X-Git-Url: http://bilbo.iut-bm.univ-fcomte.fr/pub/gitweb/simgrid.git/blobdiff_plain/5f4fec5323389b31285cd4e19a6abda90e63a555..b7f1c354386134784f90d96dab71b2b5a3f45c23:/src/mc/explo/udpor/maximal_subsets_iterator.hpp

diff --git a/src/mc/explo/udpor/maximal_subsets_iterator.hpp b/src/mc/explo/udpor/maximal_subsets_iterator.hpp
index 79eabb7141..2be3497aea 100644
--- a/src/mc/explo/udpor/maximal_subsets_iterator.hpp
+++ b/src/mc/explo/udpor/maximal_subsets_iterator.hpp
@@ -7,8 +7,10 @@
 #define SIMGRID_MC_UDPOR_MAXIMAL_SUBSETS_ITERATOR_HPP
 
 #include "src/mc/explo/udpor/Configuration.hpp"

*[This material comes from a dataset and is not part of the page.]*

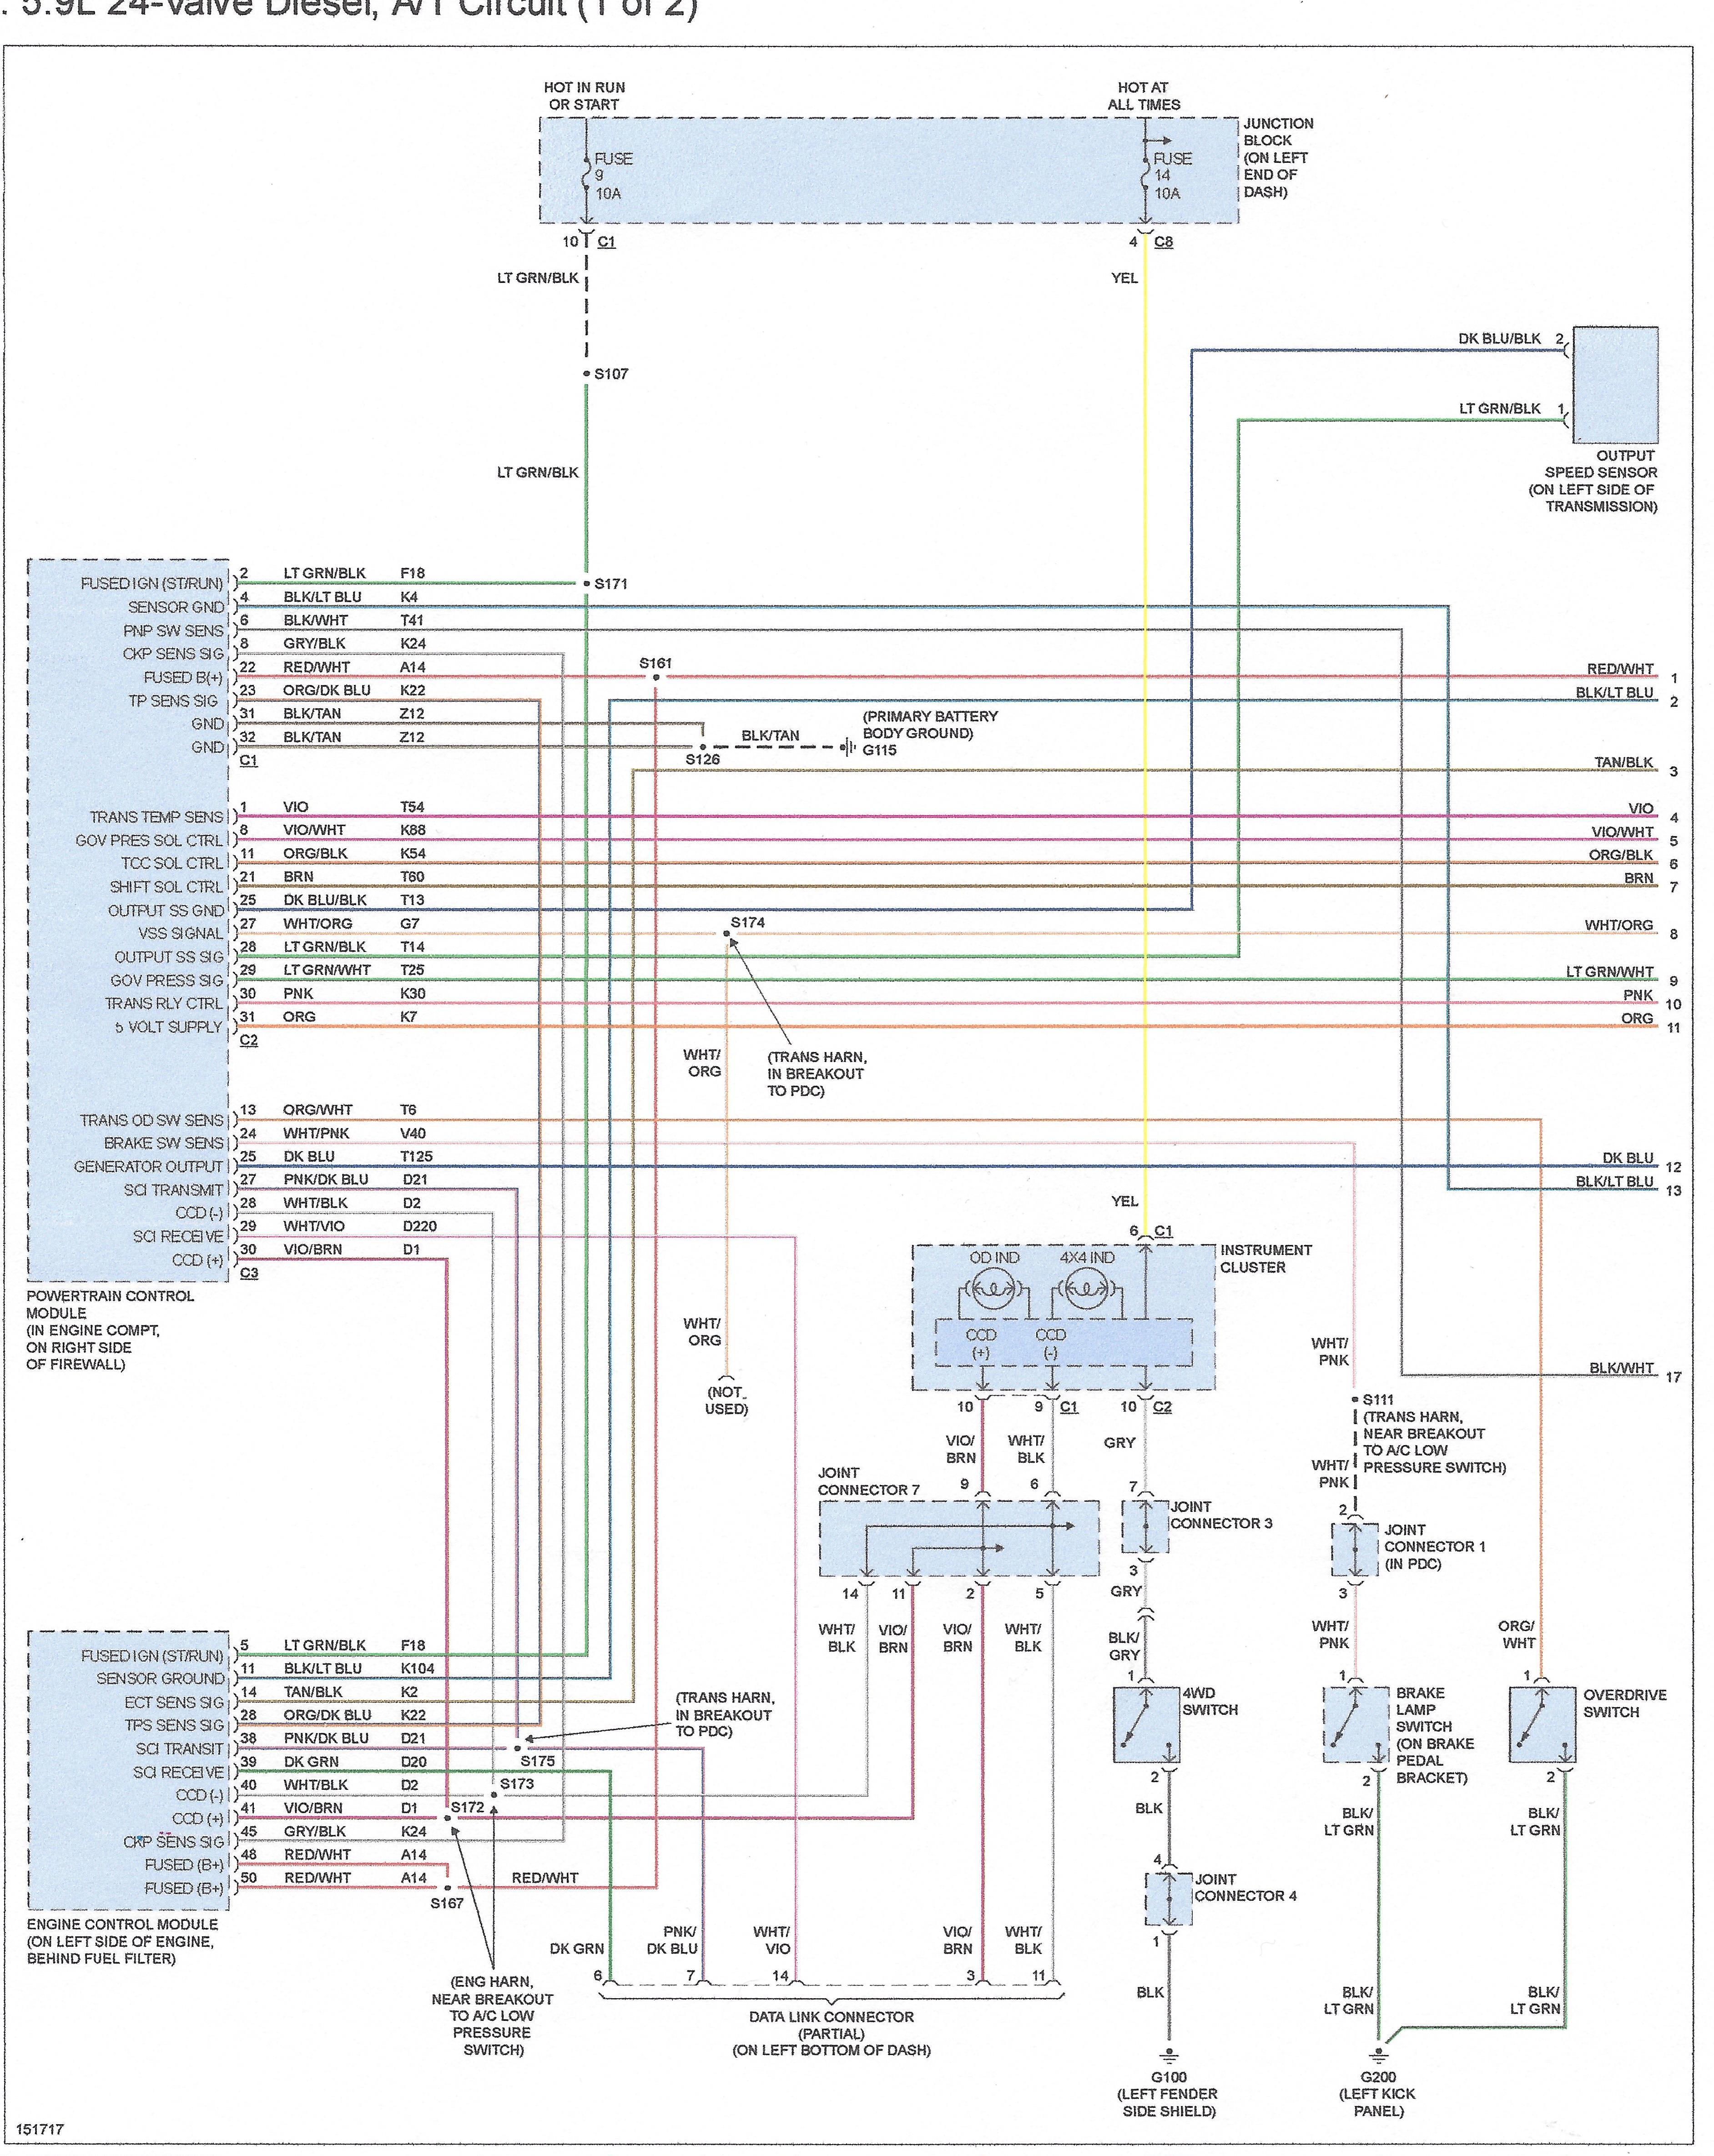 solving dodge diesel tcc lockup issues by eliminating connectors rh certifiedtransmission wordpress com 2012 dodge ram wiring diagram dodge ram light wiring  [ 3768 x 4740 Pixel ]

+#include "src/xbt/utils/iter/iterator_wrapping.hpp"
 
 #include <boost/iterator/iterator_facade.hpp>
+#include <functional>
 #include <optional>
 #include <stack>
 #include <unordered_map>
@@ -16,11 +18,12 @@
 namespace simgrid::mc::udpor {
 
 /**
- * @brief An iterator over the tree of sets of maximal events that
- * can be generated from a given configuration
+ * @brief An iterator over the tree of sets of (non-empty) maximal events that
+ * can be generated from a given set of events
  *
  * This iterator traverses all possible sets of maximal events that
- * can be formed from a configuration, each of which satisfy a predicate.
+ * can be formed from some subset of events of an unfolding,
+ * each of which satisfy a predicate.
  *
  * Iteration over the maximal events of a configuration is an important
  * step in computing the extension set of a configuration for an action
@@ -32,38 +35,29 @@ struct maximal_subsets_iterator
 public:
   // A function which answers the question "do I need to consider maximal sets
   // that contain this node?"
-  using node_filter_function = std::function<bool(const UnfoldingEvent*)>;
+  using node_filter_function       = std::function<bool(const UnfoldingEvent*)>;
+  using topological_order_position = std::vector<const UnfoldingEvent*>::const_iterator;
 
-  maximal_subsets_iterator();
-  maximal_subsets_iterator(const Configuration& config)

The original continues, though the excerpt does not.